A spherical snowball is placed in the sun. The snowball melts so that it's surface area
decreases at a rate of 2 cm2
/min. Find the rate at which the diameter decreases when the
diameter is 8 cm.
A = πd^2
dA/dt = 2πd dd/dt
Now plug in your numbers and solve for dd/dt
To find the rate at which the diameter decreases when the diameter is 8 cm, we need to use related rates.
Let's start by writing down what we know:
Given: The surface area of the snowball is decreasing at a rate of 2 cm^2/min.
We need to find: The rate at which the diameter decreases (dD/dt) when the diameter is 8 cm.
To solve this problem, we'll use the formula for the surface area of a sphere:
Surface Area (A) = 4πr^2
Where r is the radius of the sphere.
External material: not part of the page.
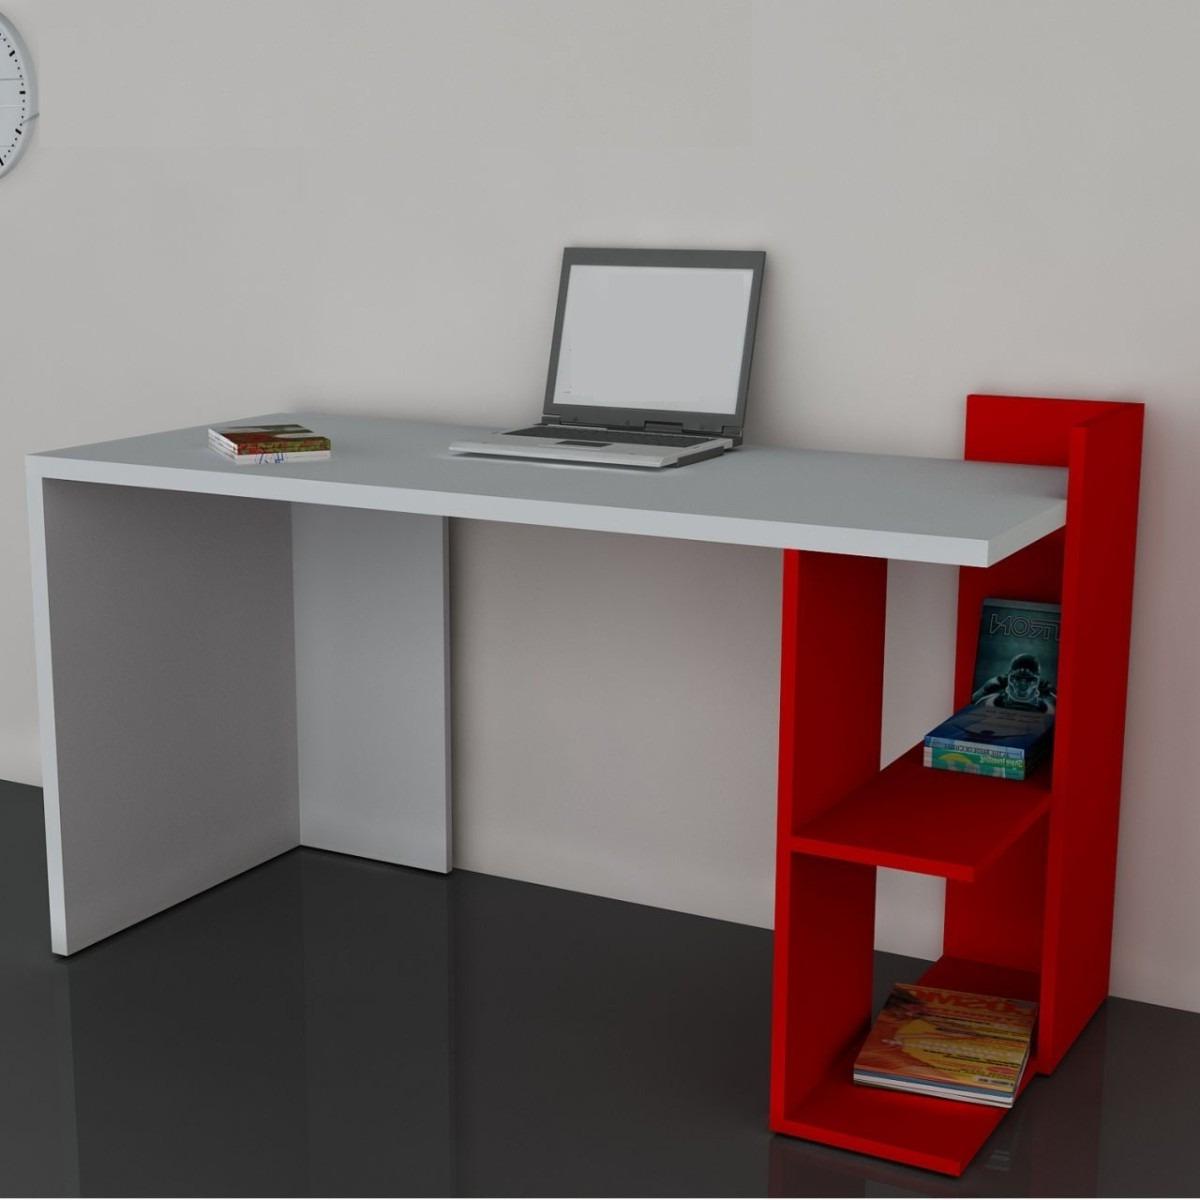 Mueble Escritorio Thdr Escritorio Moderno Mesa Pc Notebook Mueble De Oficina 3 291 00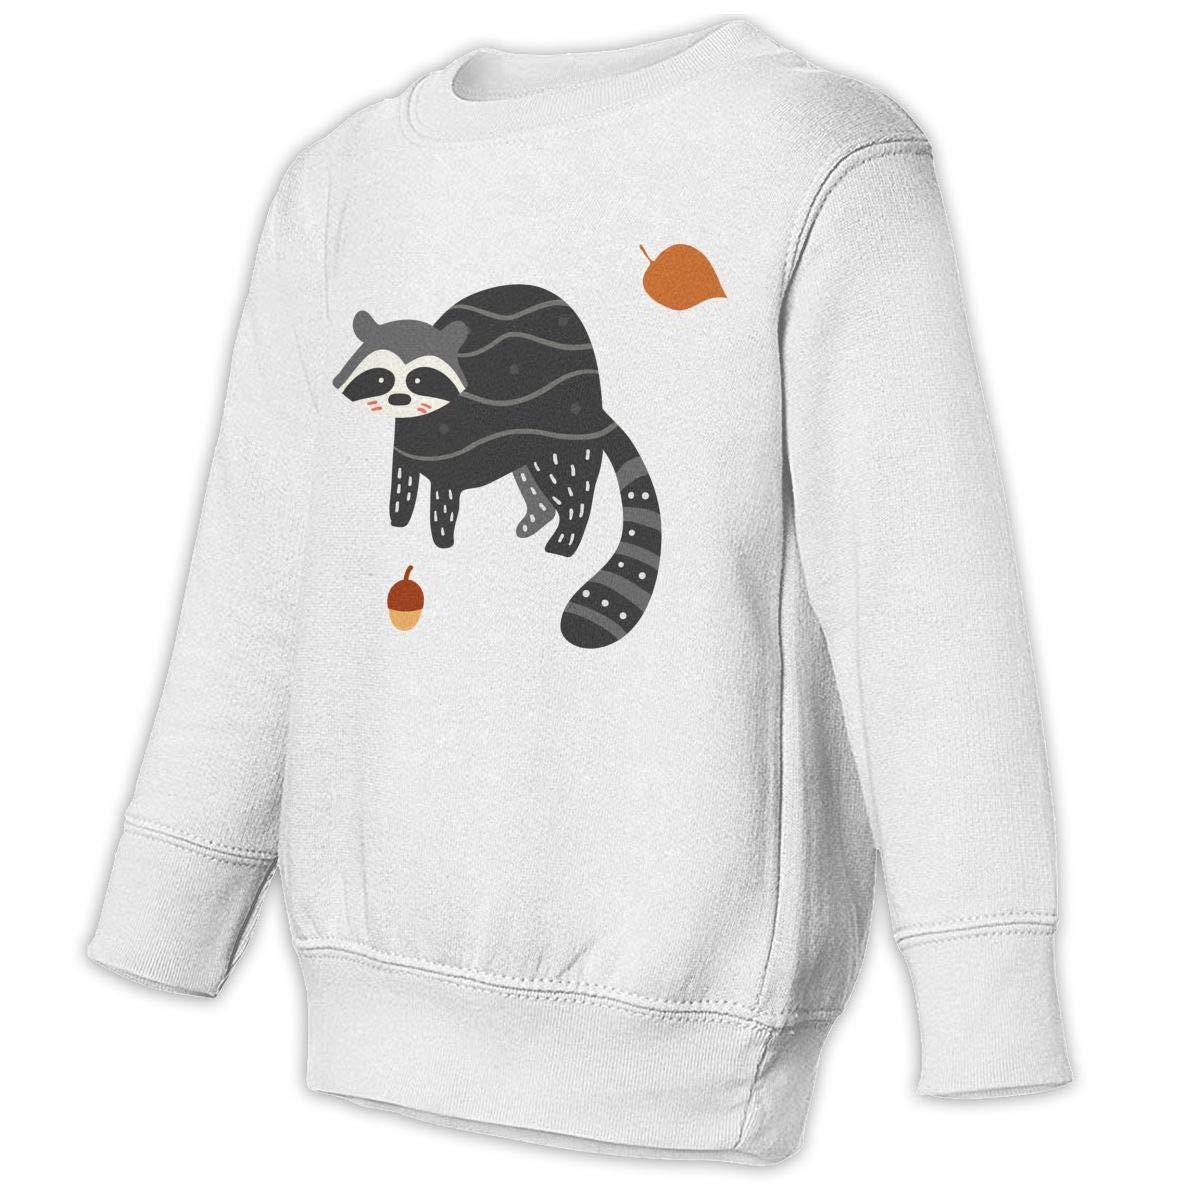 Raccoon Unisex Toddler Hoodies Fleece Pull Over Sweatshirt for Boys Girls Kids Youth

Since we have the diameter, we can conclude that the radius (r) is half the diameter (r = D/2).
Differentiating both sides of the equation with respect to time (t) using the chain rule, we get:
dA/dt = 8πr * dr/dt
Now we can substitute the given rate of change of the surface area (dA/dt = -2 cm^2/min) and the given diameter (D = 8 cm) into the equation:
-2 = 8π(8/2) * dD/dt
Simplifying the equation:
-2 = 8π(4) * dD/dt
-2 = 32π * dD/dt
Now, we can solve for dD/dt, which represents the rate at which the diameter decreases:
dD/dt = -2 / (32π)
dD/dt = -1 / (16π) cm/min
So, the rate at which the diameter decreases when the diameter is 8 cm is -1 / (16π) cm/min.